It's documented on the Sony's A7RII Help guide that resolution is limited to 12 bits when using the following shooting modes:
*My commentary below the modes.
  1. Silent Shooting
    *I would turn this mode OFF for critical work

  2. Long Exposure NR (when the camera automatically captures a black frame after the exposure)
    *I would turn this mode OFF and capture a black frame instead

  3. Bulb (more than 30 sec. exposure)
    *There is no way around this one. Once you pass 30 seconds your files will gain 1-stop more noise and 1-stop less dynamic rage. If you
  4. Continuous Shooting. (Including Bracketing continuous shooting)
    *When using Bracketing, do not set the camera to continuous shooting

Jim Kasson put this to test with the A7II and was able to verity something that we had suspected from the initial A7RII online samples. 12 bits will make your shadows worse by about 1 stop and the image will also lose about 1-stop of dynamic range.

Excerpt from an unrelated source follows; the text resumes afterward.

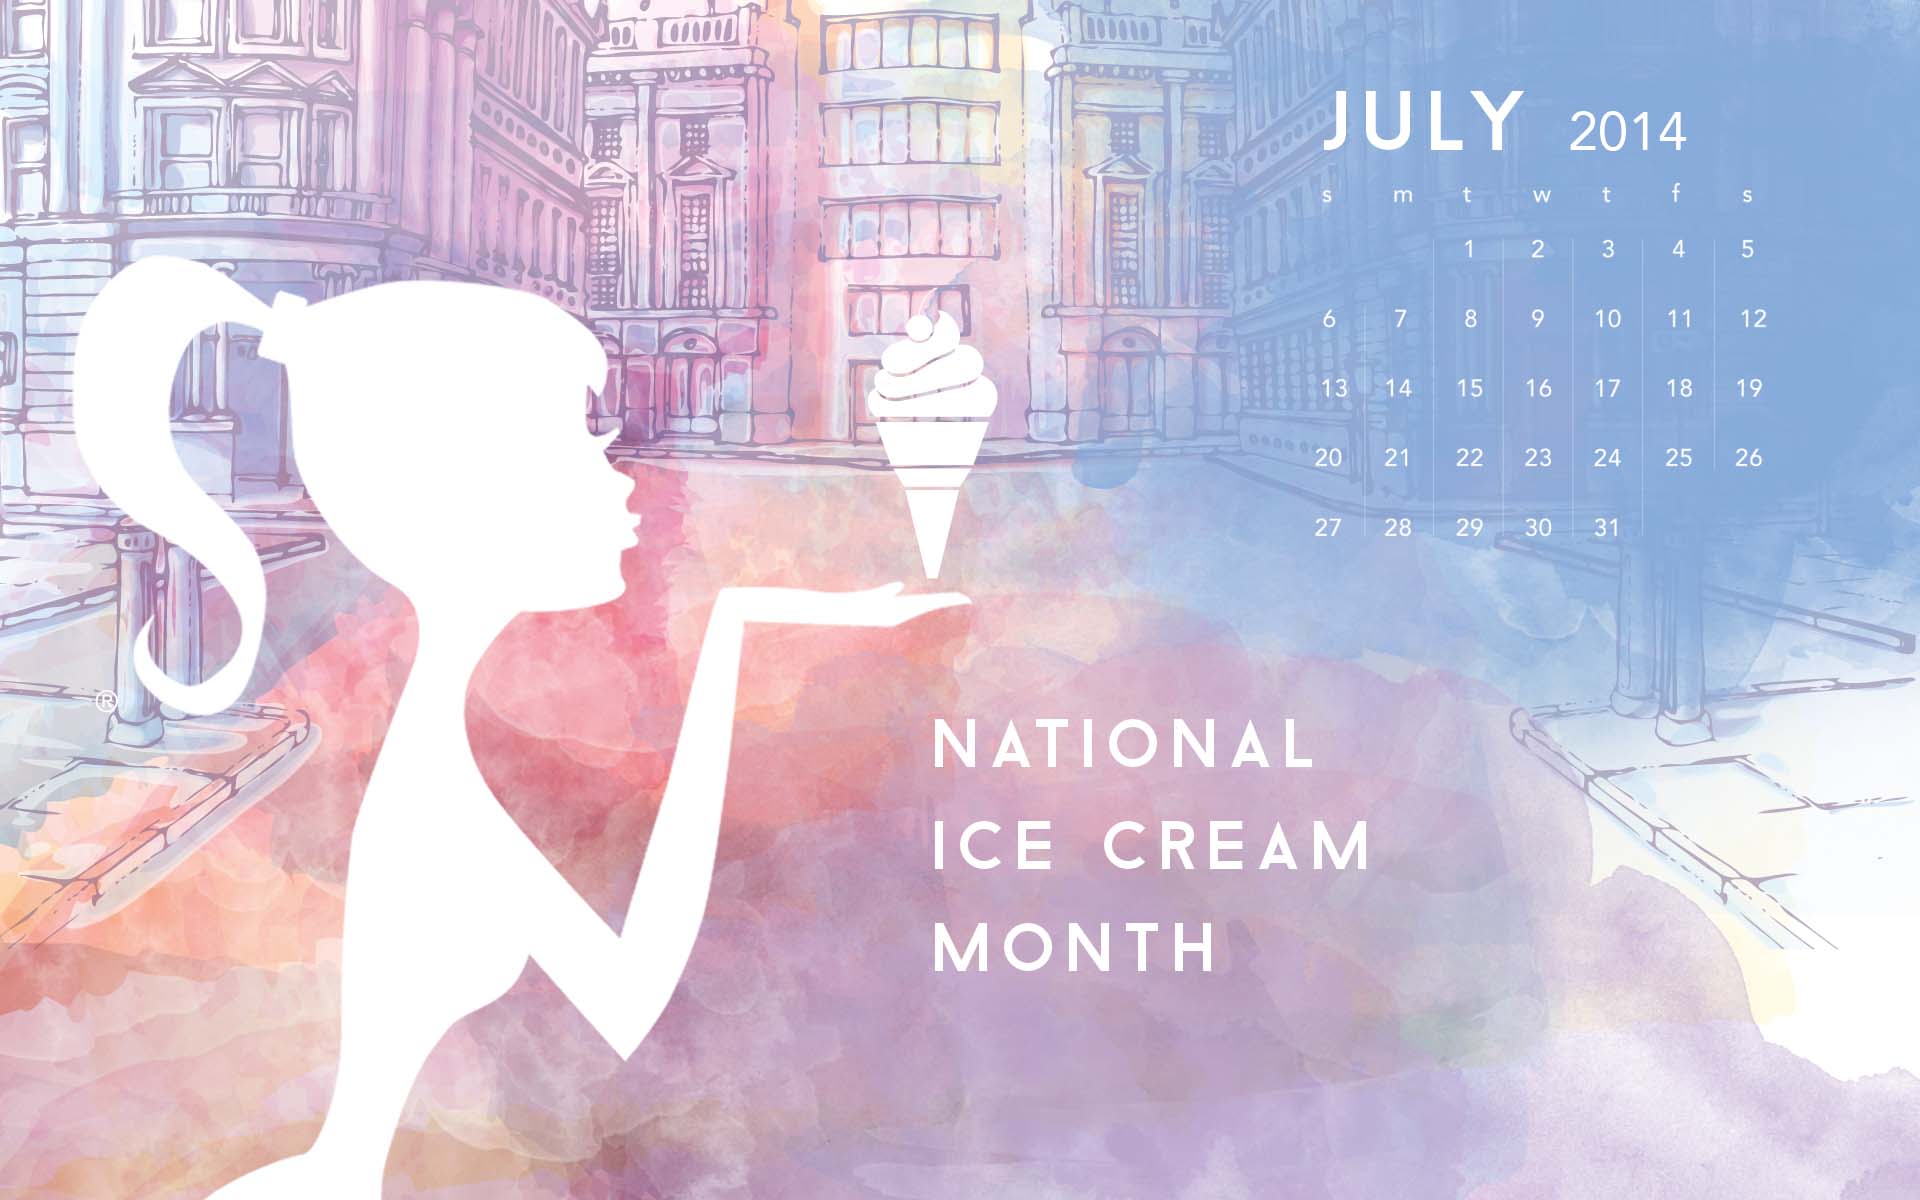 July 2014 free desktop wallpaper from missdetails.com - National Ice Cream Month!

It's very noticeable when recovering shadows in post-processing.

Here is an excerpt from the article:

"When the shutter is not set to bulb, and the shutter mode is set to continuous drive, speed-continuous drive, continuous bracketing, A7s’s silent shutter, and any possible combination of these, the linear, pre-tone-curve, bit depth of the camera is 12 bits. With all other settings, including single bracketing, the linear bit depth is 13 bits.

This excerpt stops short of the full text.